Try it ▸
What you write should be an exact repeat of the lines from the one with "Bopai Aluminium Luggage" through the final line below, minus the pictures.

Material to process ▸
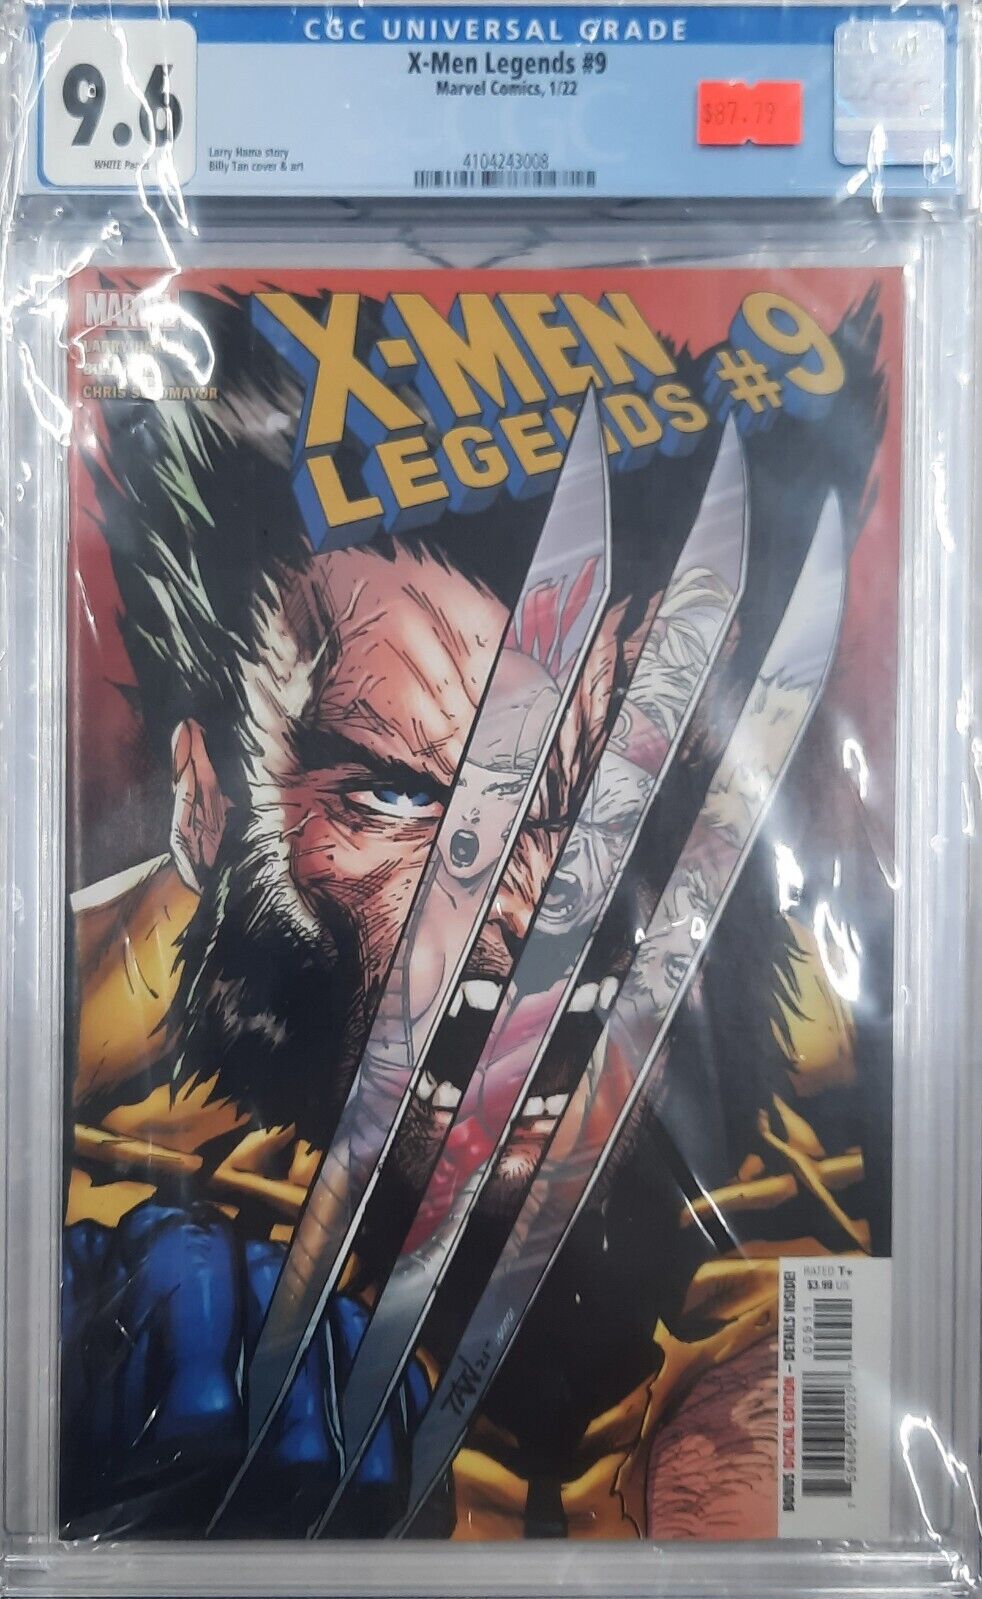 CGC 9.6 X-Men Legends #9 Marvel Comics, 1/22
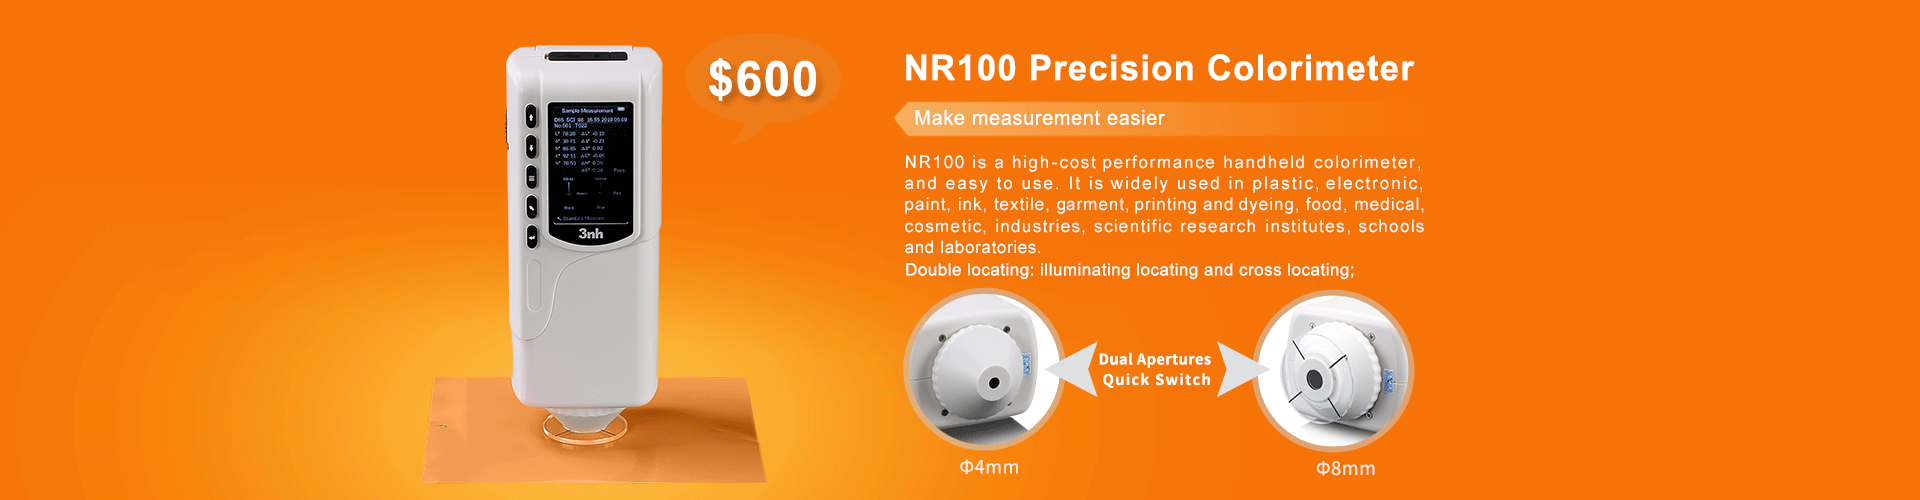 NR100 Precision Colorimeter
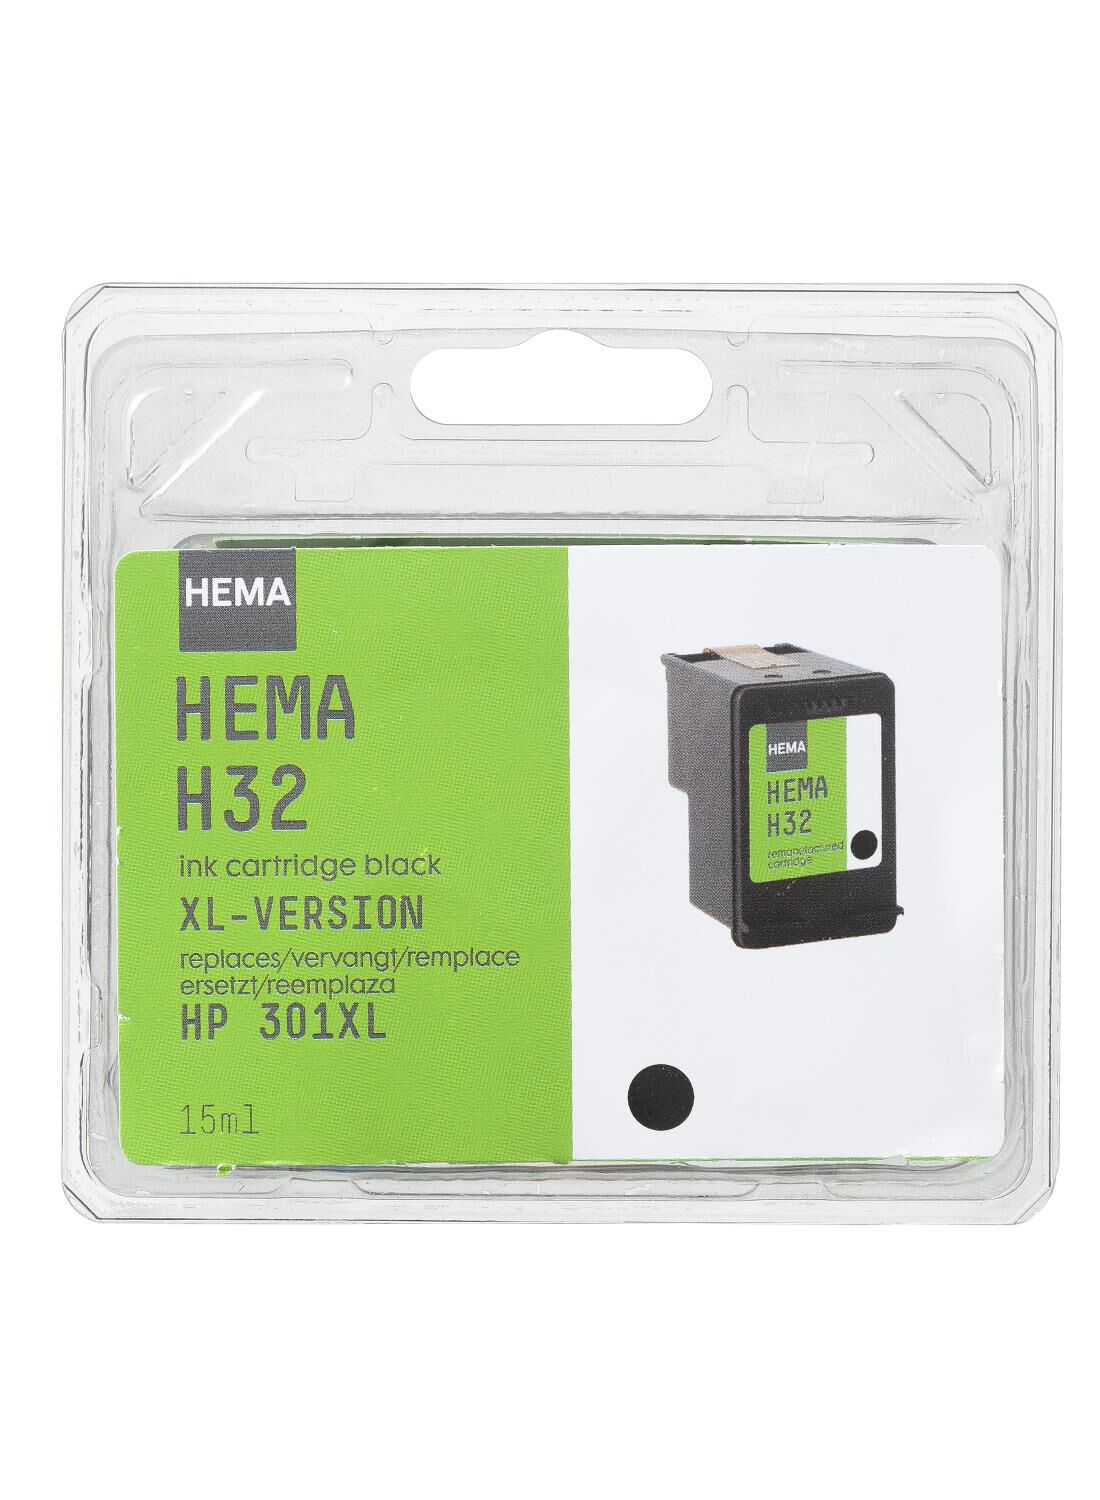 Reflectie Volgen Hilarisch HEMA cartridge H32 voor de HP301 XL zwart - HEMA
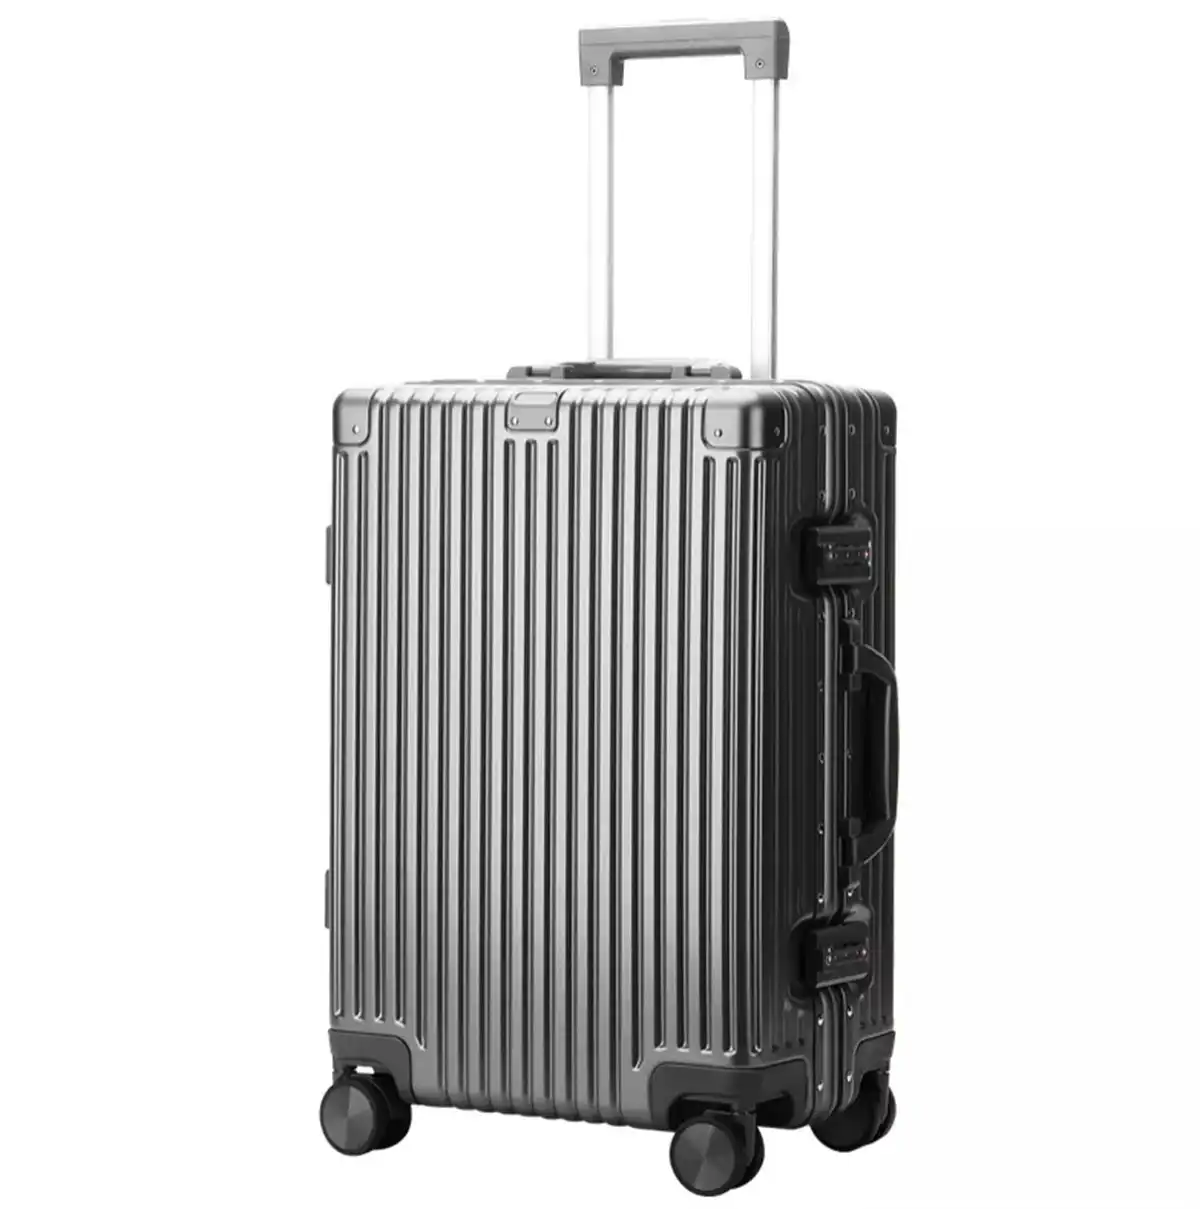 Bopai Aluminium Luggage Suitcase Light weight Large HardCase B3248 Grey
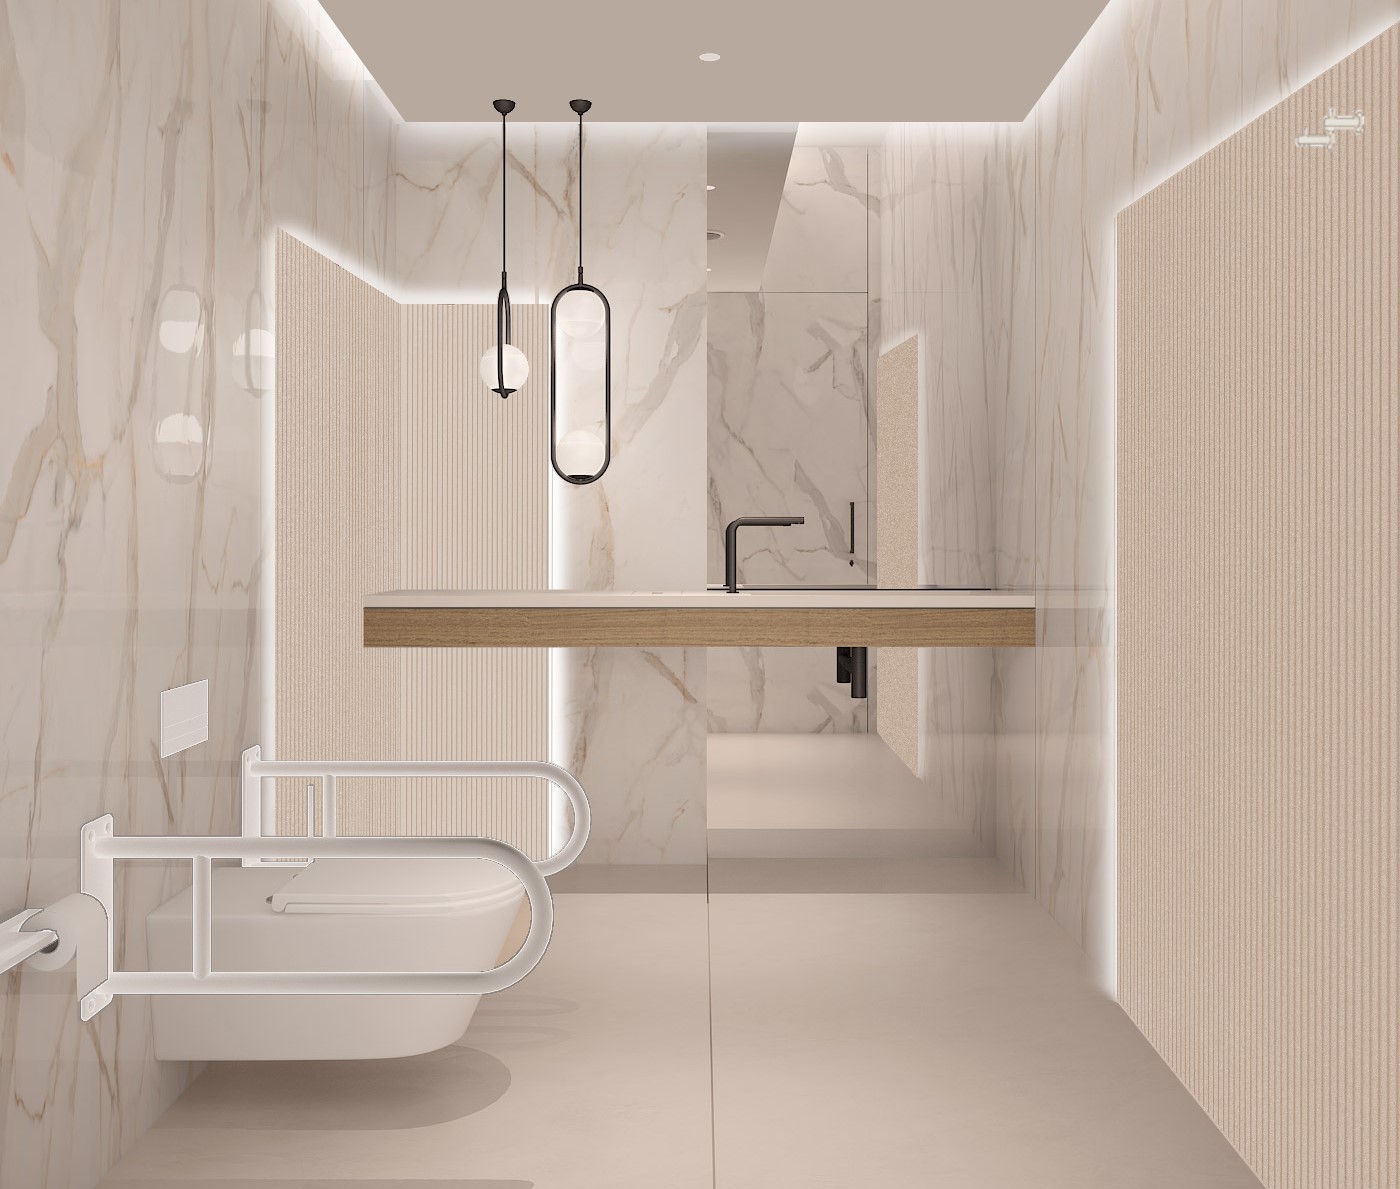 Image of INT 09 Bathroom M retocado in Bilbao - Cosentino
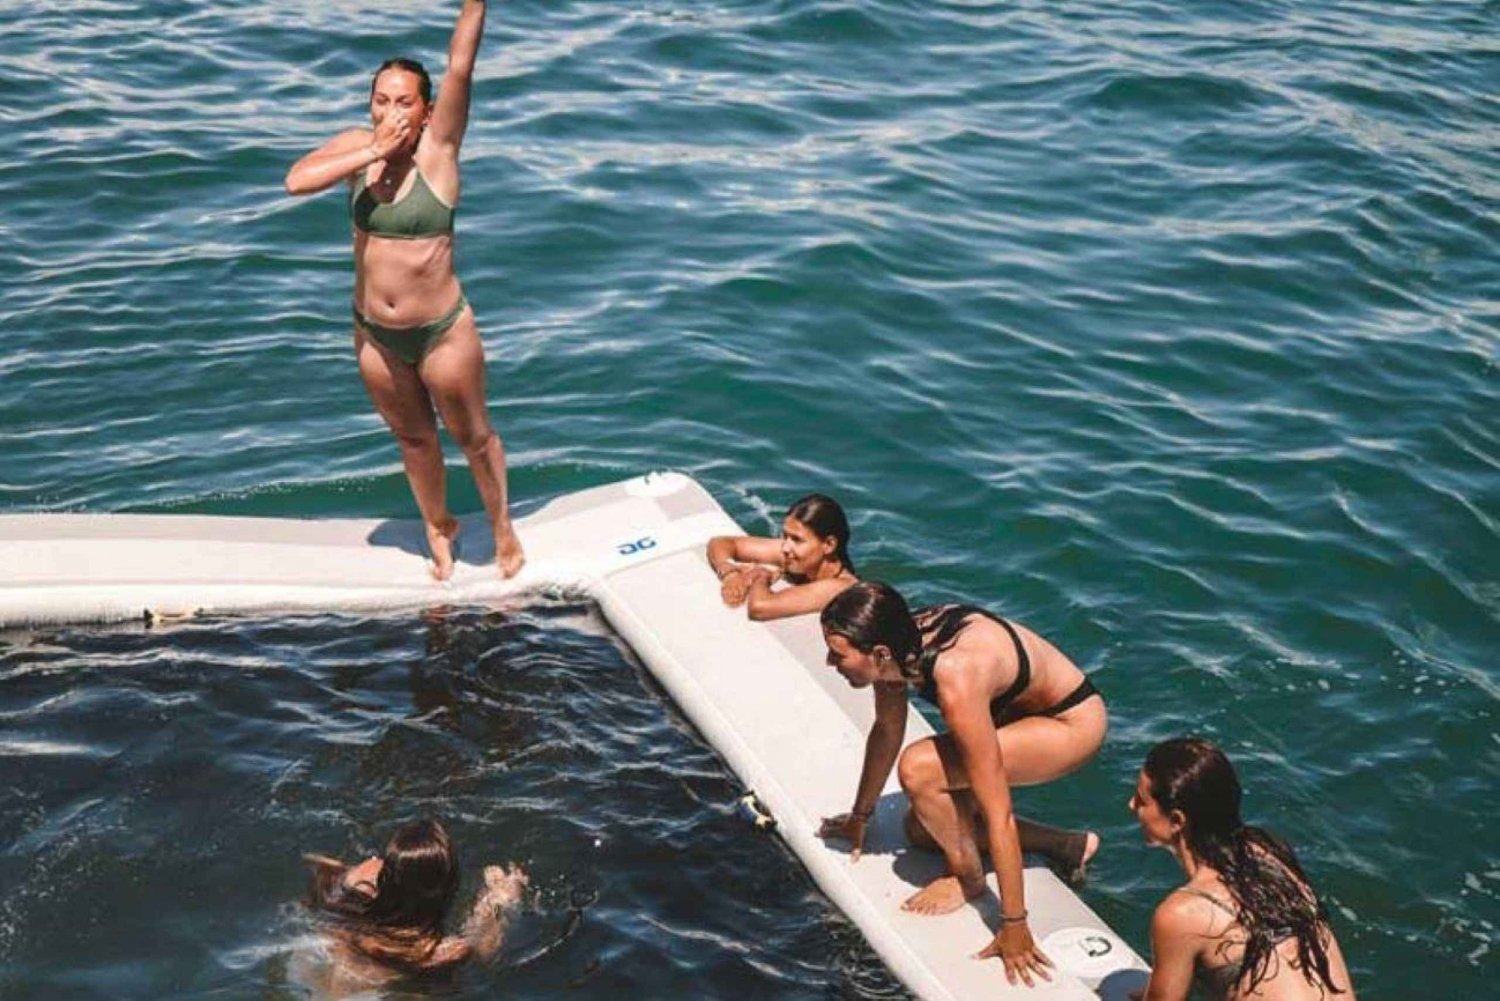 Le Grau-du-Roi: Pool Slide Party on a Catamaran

Exercise response ▸
 Bopai Aluminium Luggage Suitcase Light weight Large HardCase B3248 Grey
 Image of INT 09 Bathroom M retocado in Bilbao - Cosentino
 Le Grau-du-Roi: Pool Slide Party on a Catamaran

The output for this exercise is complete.